En 1822 abandoné para siempre mi carrera militar y sentí que debía realizar otra obra fundamental, tu crianza y educación después de la muerte de tu madre.
Querida hija, quiero que sepas que nunca desenvainé la espada en busca de intereses personales y jamás busqué
la gloria ni la fortuna, renuncié al dinero que me ofrecieron por mis cargos cuando lo consideré excesivo y únicamente luché cuando vi amenazada la libertad y autodeterminación de los pueblos.
Tú sabes que me alejé de mi tierra natal cuando comenzaron las luchas entre hermanos porque no quise intervenir en políticas mezquinas e ideológicas; mi única ambición fue que los pueblos se pudieran liberar de la esclavitud y el dominio extranjero.
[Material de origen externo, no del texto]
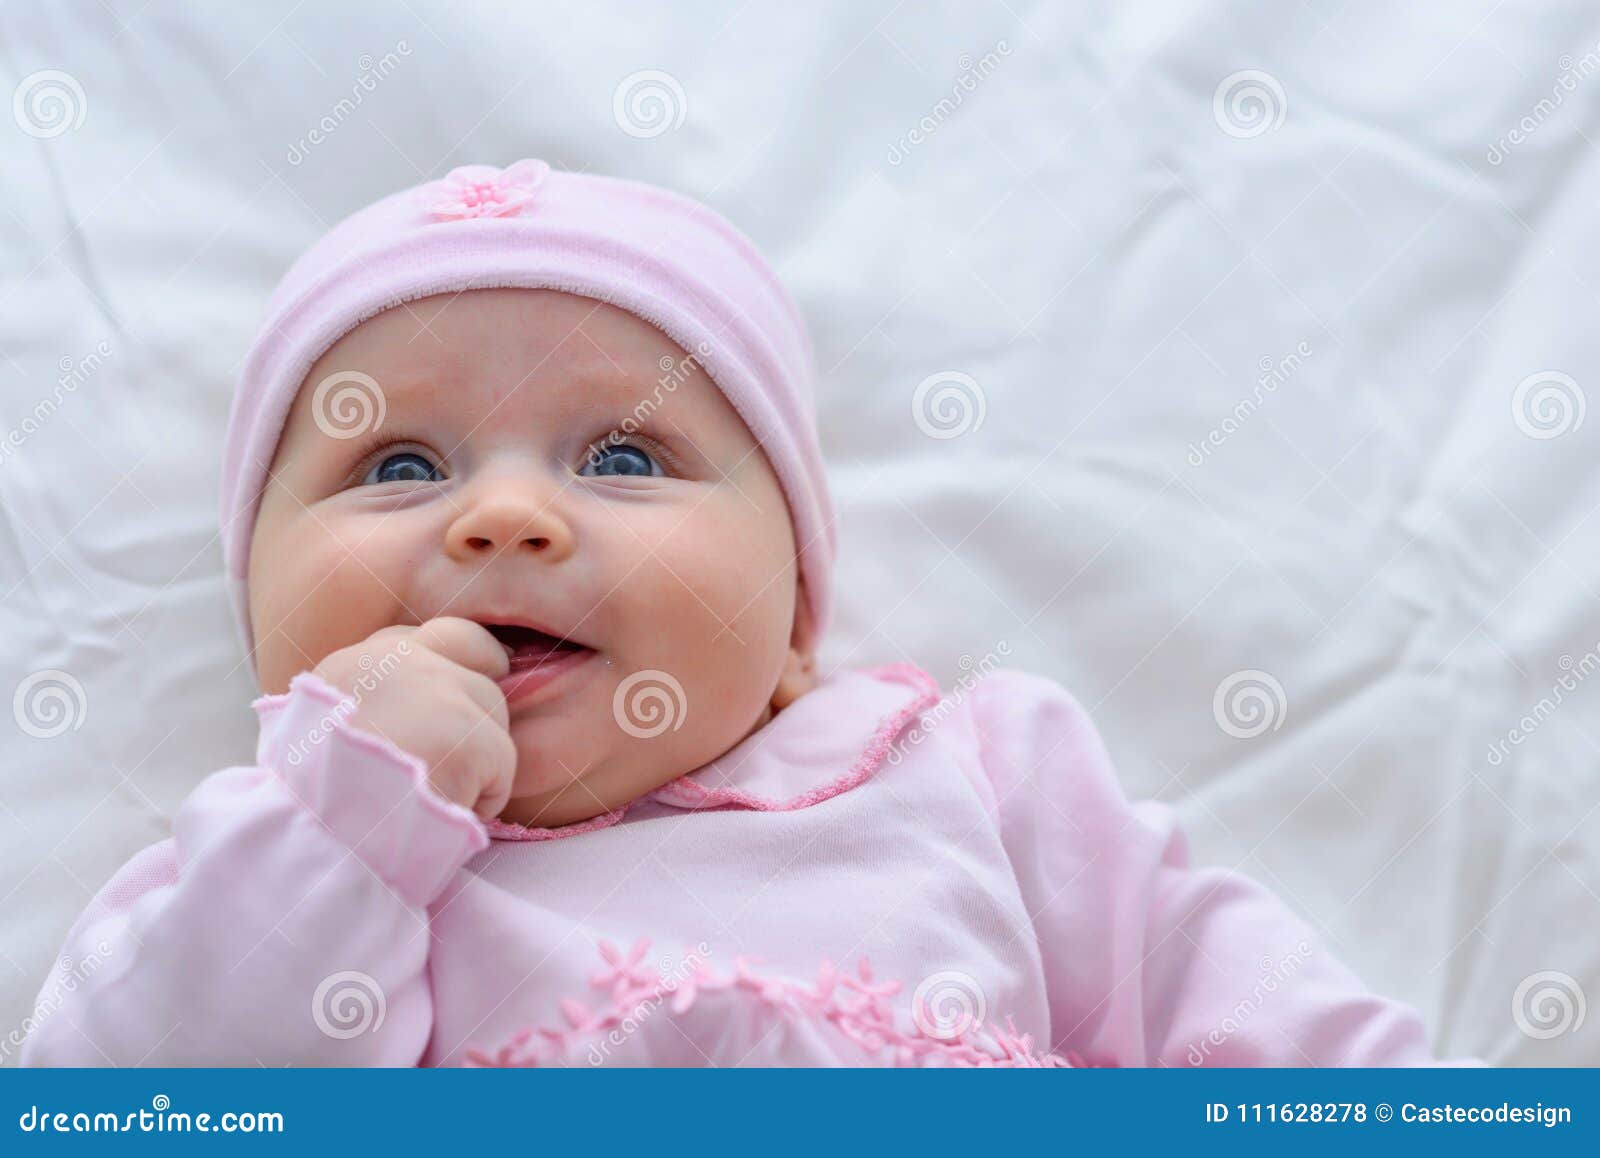 Cute Baby Girl Portrait. Sweet Little Girl All Dressed in Pink ...

Nunca se debe derramar la sangre entre hermanos, hay que buscar el consenso y la tolerancia.
Mi gran dolor fue ver a mi Patria sumida en luchas.
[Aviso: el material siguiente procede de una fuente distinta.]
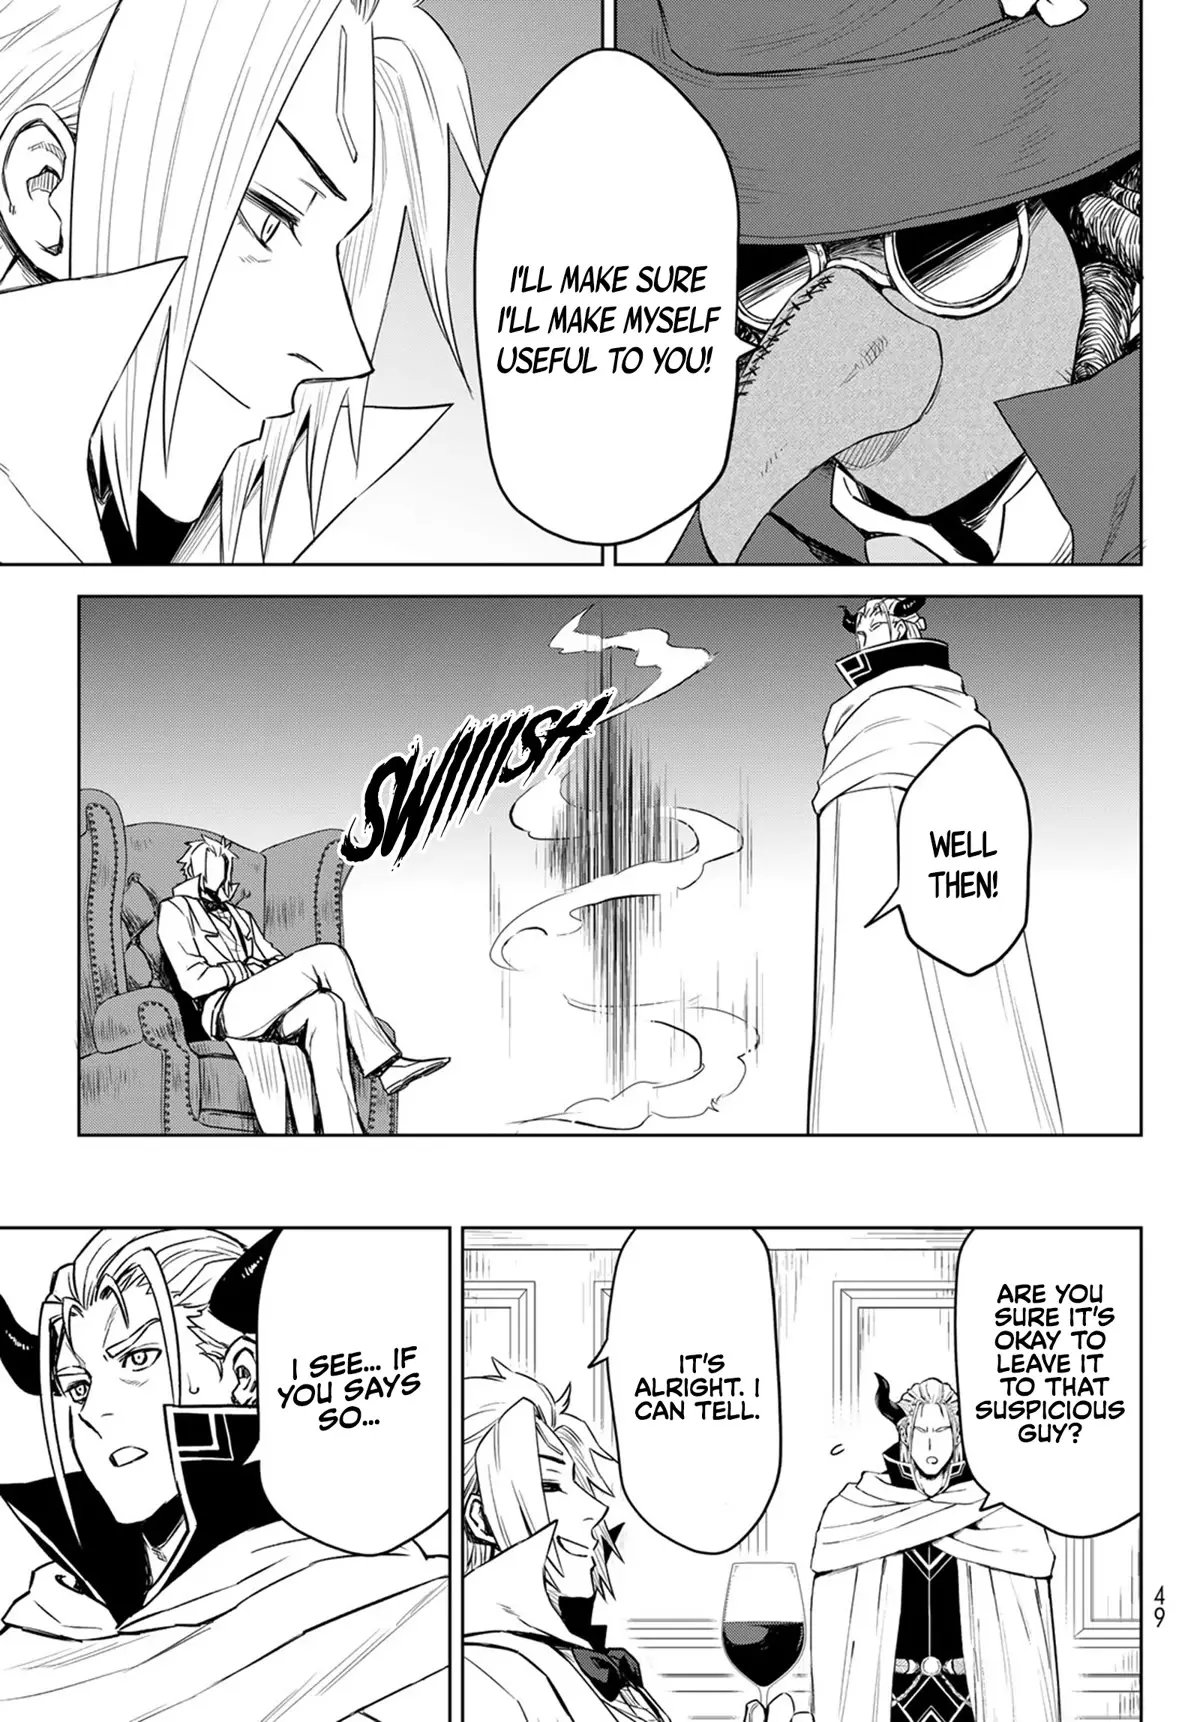 Tensei Shitara Slime Datta Ken: Clayman Revenge - 7 page 9-485cad21

Todos sabemos que Buenos Aires es la cabeza pero se debe respetar igualmente a todos los estados del país sin perder la unidad.
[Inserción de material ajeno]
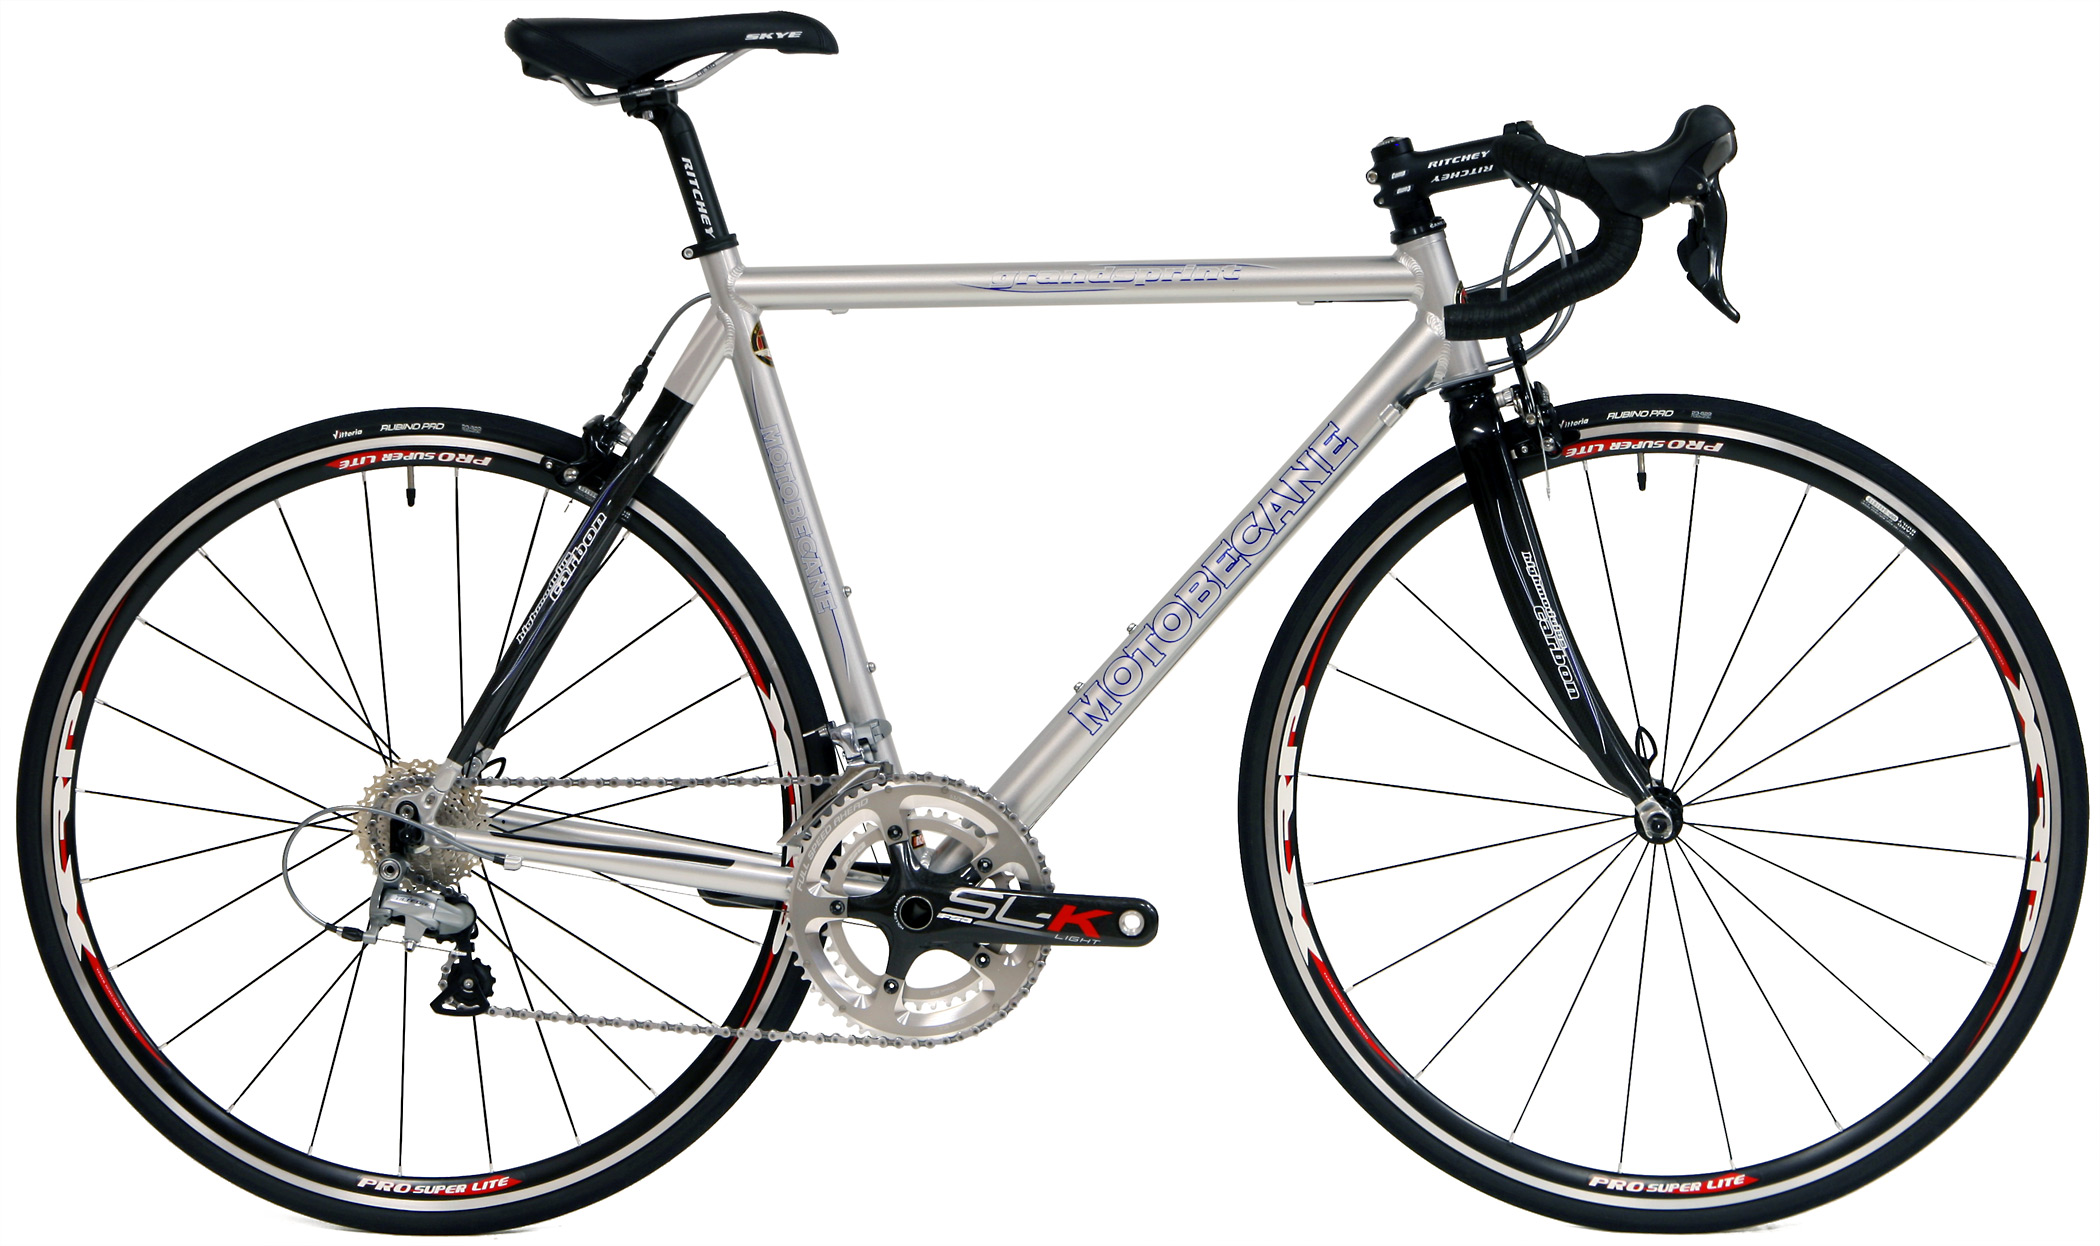 Save up to 60% off new Road Bikes - 2010 Motobecane Grand Sprint2100 x 1246

Lo que se debe rechazar es el deseo de dominio del extranjero.
Mi vida fue un constante exilio, nací en tierras vírgenes de América del Sur, me eduqué en España, regresé para
ponerme al servicio de la libertad de mi patria y un nuevo exilio me trajo a esta Francia donde decidí educarte, lejos de los conflictos para poder brindarme por entero a tu formación.
Serví a mi Patria, nunca me serví de ella.
Lo único que me llevó a la lucha fue el deseo de libertad para los pueblos oprimidos.
Doy gracias a Dios y a la Virgen del Carmen por conservarme la vida a pesar de las cruentas batallas que libré y poder cumplir con esta última y amada misión de criarte y educarte como lo deseó tu recordada madre.
Agradezco a los ángeles terrenales que Dios me envió, al húsar Juan de Dios, que salvó mi vida en Bailén, al valiente granadero Sargento Cabral, que me auxilió en San Lorenzo y a Aguado, mi protector en este exilio, que me ayudó a sobrevivir con dignidad a pesar de mi indigencia económica.
A Mariano Balcarce, tu esposo, mi gratitud y confianza, a Rosas, dejo mi sable por haber defendido a la Nación del ataque extranjero, a mi querida Patria, mi corazón y a ti y a mis nietas amadas, mi vida.